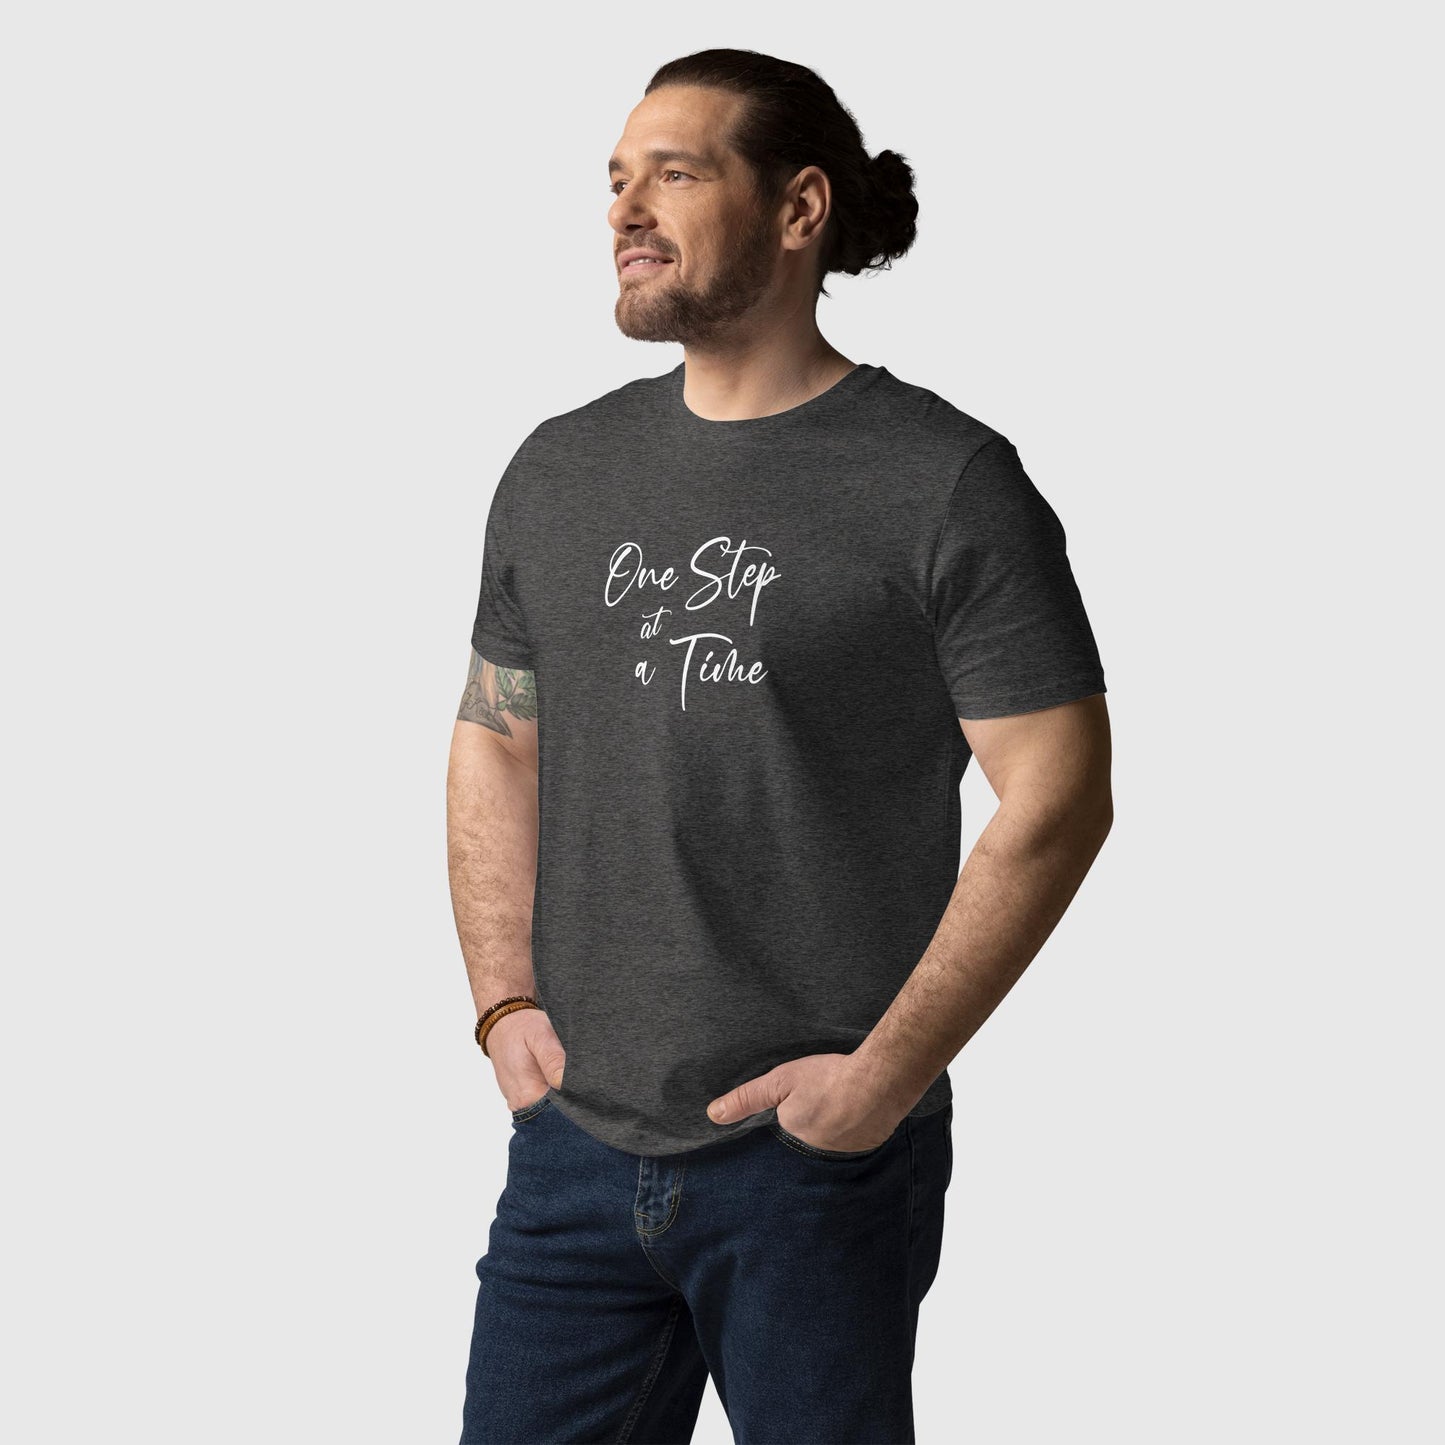 Men's dark heather gray organic cotton t-shirt that features the positive saying, "One Step At A Time."
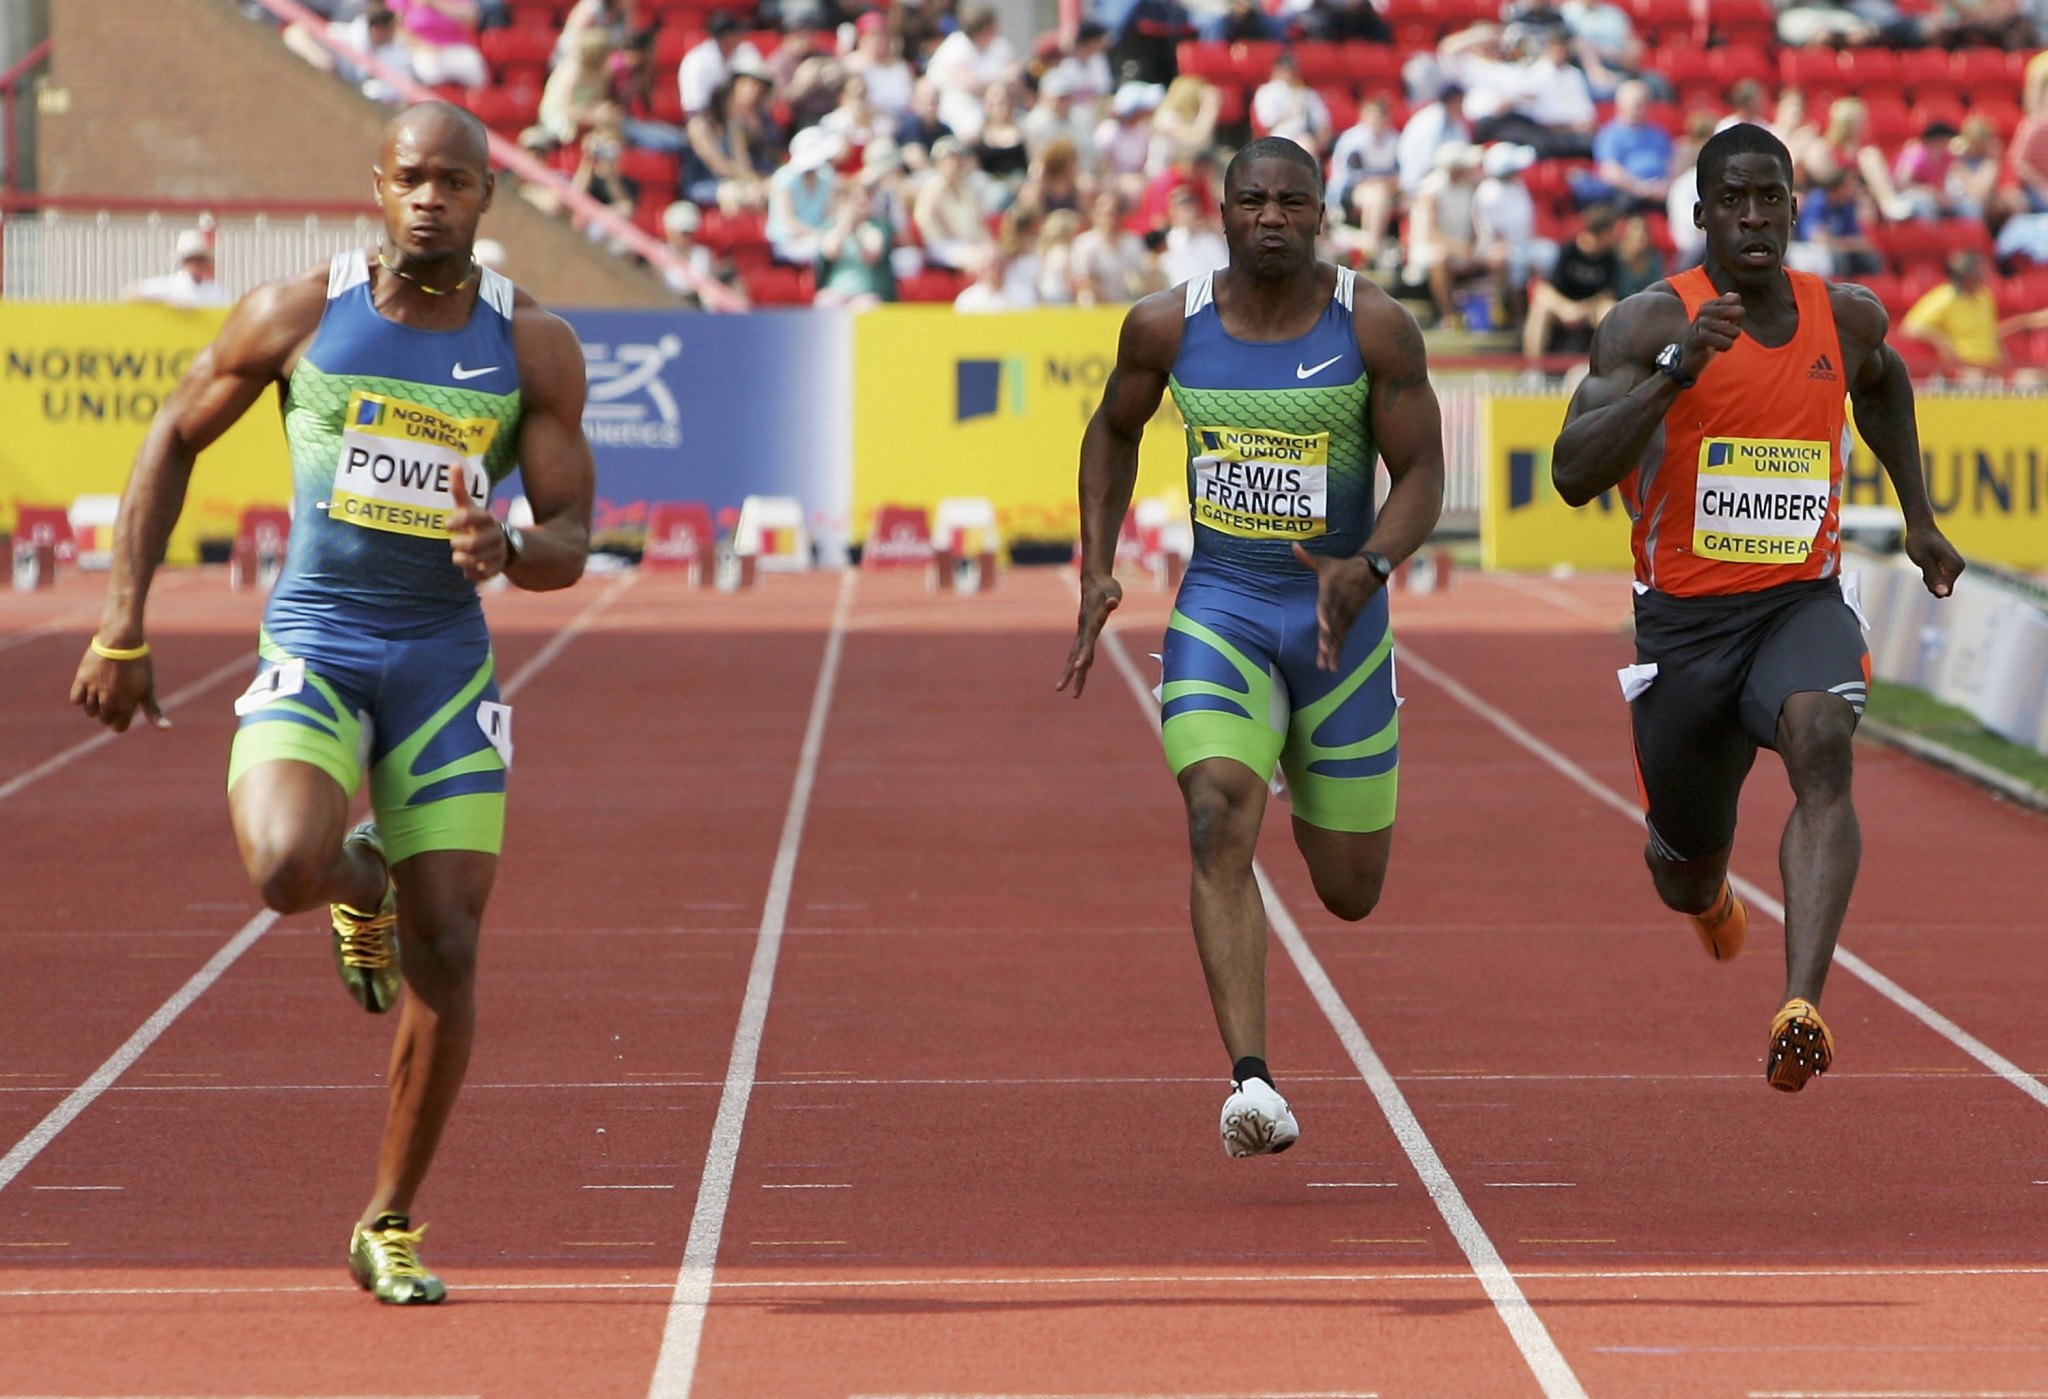 Jamaica's Asafa Powell equalled the world record for the 100 metres at the 2006 IAAF Diamond meeting in Gateshead and the venue in the North-East of England is set to return to the circuit in 2020 ©Getty Images
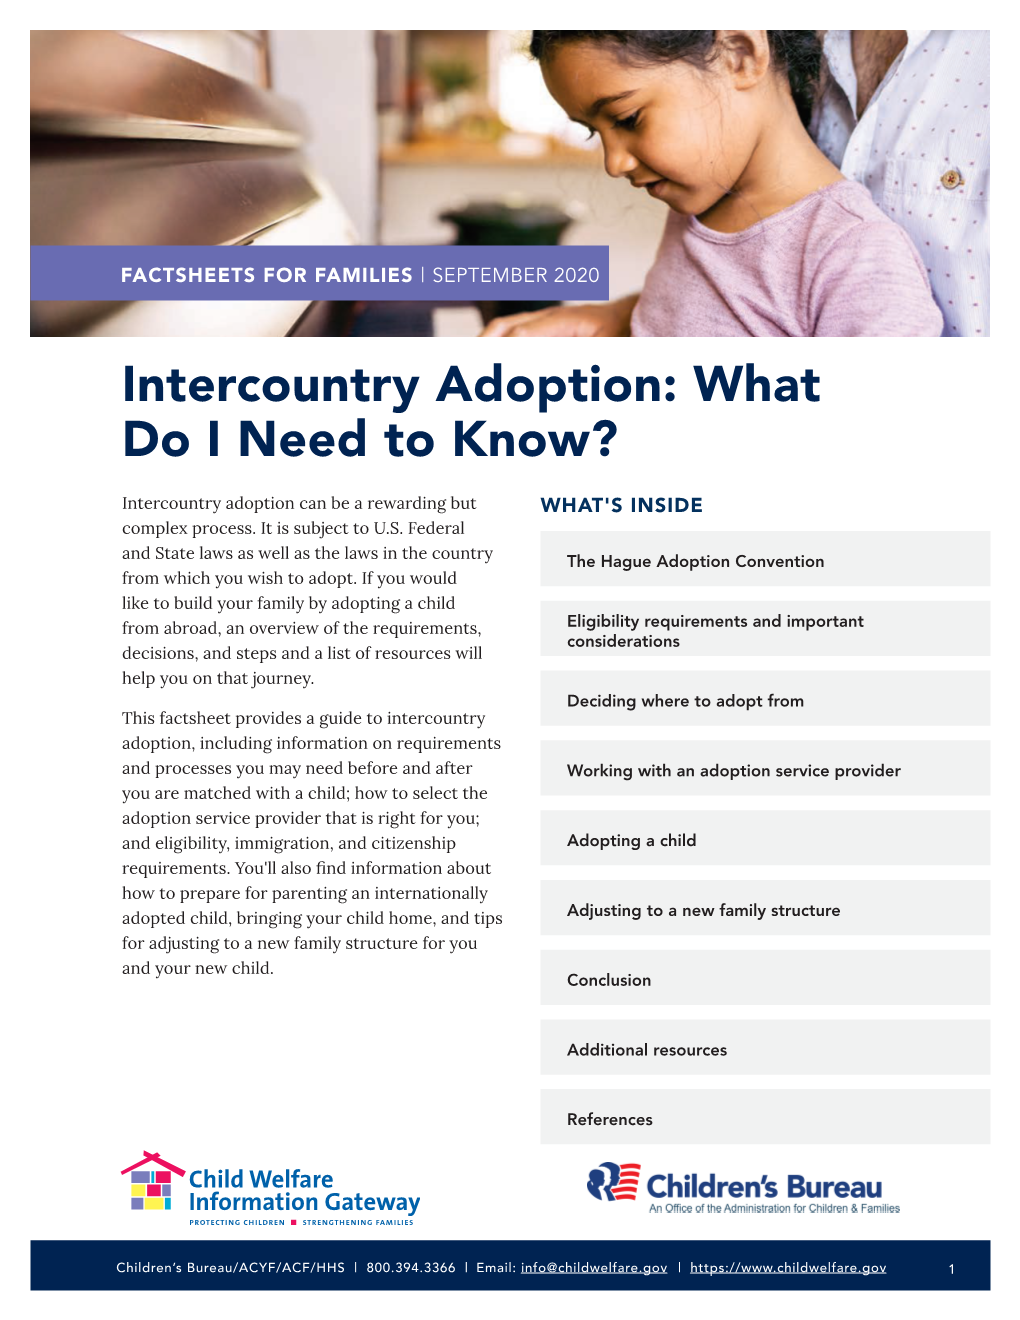 Intercountry Adoption: What Do I Need to Know?

•••

Exercise goal.
Except for the pictures, print the data above exactly.

Output of the task.
 Men's dark heather gray organic cotton t-shirt that features the positive saying, "One Step At A Time."
 Jamaica's Asafa Powell equalled the world record for the 100 metres at the 2006 IAAF Diamond meeting in Gateshead and the venue in the North-East of England is set to return to the circuit in 2020 ©Getty Images
 Intercountry Adoption: What Do I Need to Know?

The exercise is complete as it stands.